Munich

Christian Philipp Müller

Kunstverein München

Last winter, Helmut Draxler declared that the Kunstverein was becoming a lecture hall, but that it would not be ruined. With this exhibition of Christian Philipp Müller’s work, Draxler, the new director, has made of this space something between “lecture hall, cultural historical exhibition, and artist’s installation.” Müller set out to search for the “Forgotten Future” of Modernism by confronting the works of Le Corbusier, the musician Edgard Varèse, the filmmaker Veitd Harlan, and the visionary urban architect Nicolas Schöffer. In the ideological climate of the ’50s, Modernism had degenerated into a monstrous mannerism and populism. Central to this decline was the Philips pavilion, a tent for five hundred visitors at the 1958 Brussels world’s fair, designed by lannis Xenakis. Le Corbusier, in designing a light and film spectacle, accompanied by the spatial music of Varèse, relived a psychedelic nightmare of Constructivism—the harmonious unity of art and technology—and found himself immersed in the industrialized commercialization of late-modern culture.

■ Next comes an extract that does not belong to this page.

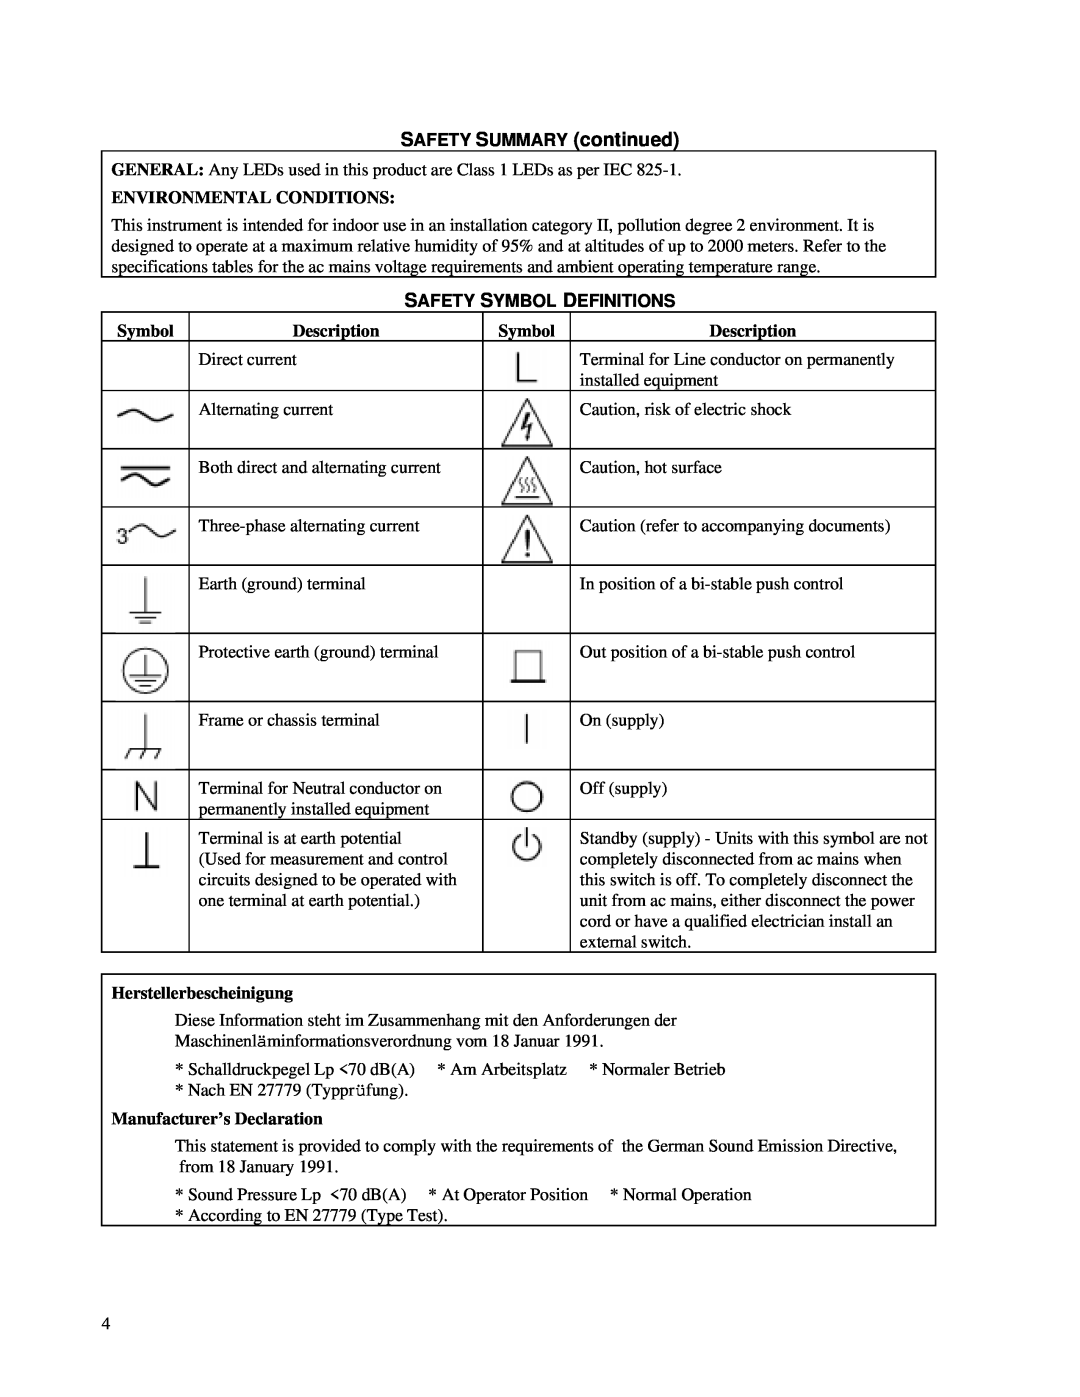 Agilent Technologies 3138A-00101 and above, 66000A manual SAFETY SUMMARY continued, Safety Symbol Definitions

Müller took this historical material and documented it, as if in an architectural exhibition, with models and sketches. Next to this display was the schematic reconstruction of Le Corbusier’s windowless office; from this ascetic white cube one entered a black box in which Varèse’s music was playing. Müller maintained the didacticism of cultural exhibitions—the central component of an approach that lead him to play the role of historian, theoretician, and artist.

Le Corbusier’s utopian social vision was placed next to Schöffer’s cybernetic city, with its center for sexual leisure time in the form of a gigantic breast. What was Mailer’s point? Was he focusing on renewing the forgotten future or was he mourning a failed, compromised Modernism? Was it historical reconstruction or occupation of an institutional space? The Kunstverein served during the Third Reich as the stage for cultural battles; in its more recent past it has served as the stage for a reconstruction of Modernism.

Müller’s approach is shared by artists like Andrea Fraser, Mark Dion, and Stephen Prina. These artists attempt to forge a path, through theory, between discourse and esthetics, and to place themselves within traditional institutions. But they must still demonstrate how to integrate esthetic practice in order to avoid mere cultural history or even simple illustration. Müller finds his way, not simply by using the Duchampian object, but by appropriating discourse and shifting its context from the intellectual to the artistic milieu.

Markus Brüderlin

Translated from the German by Charles V. Miller.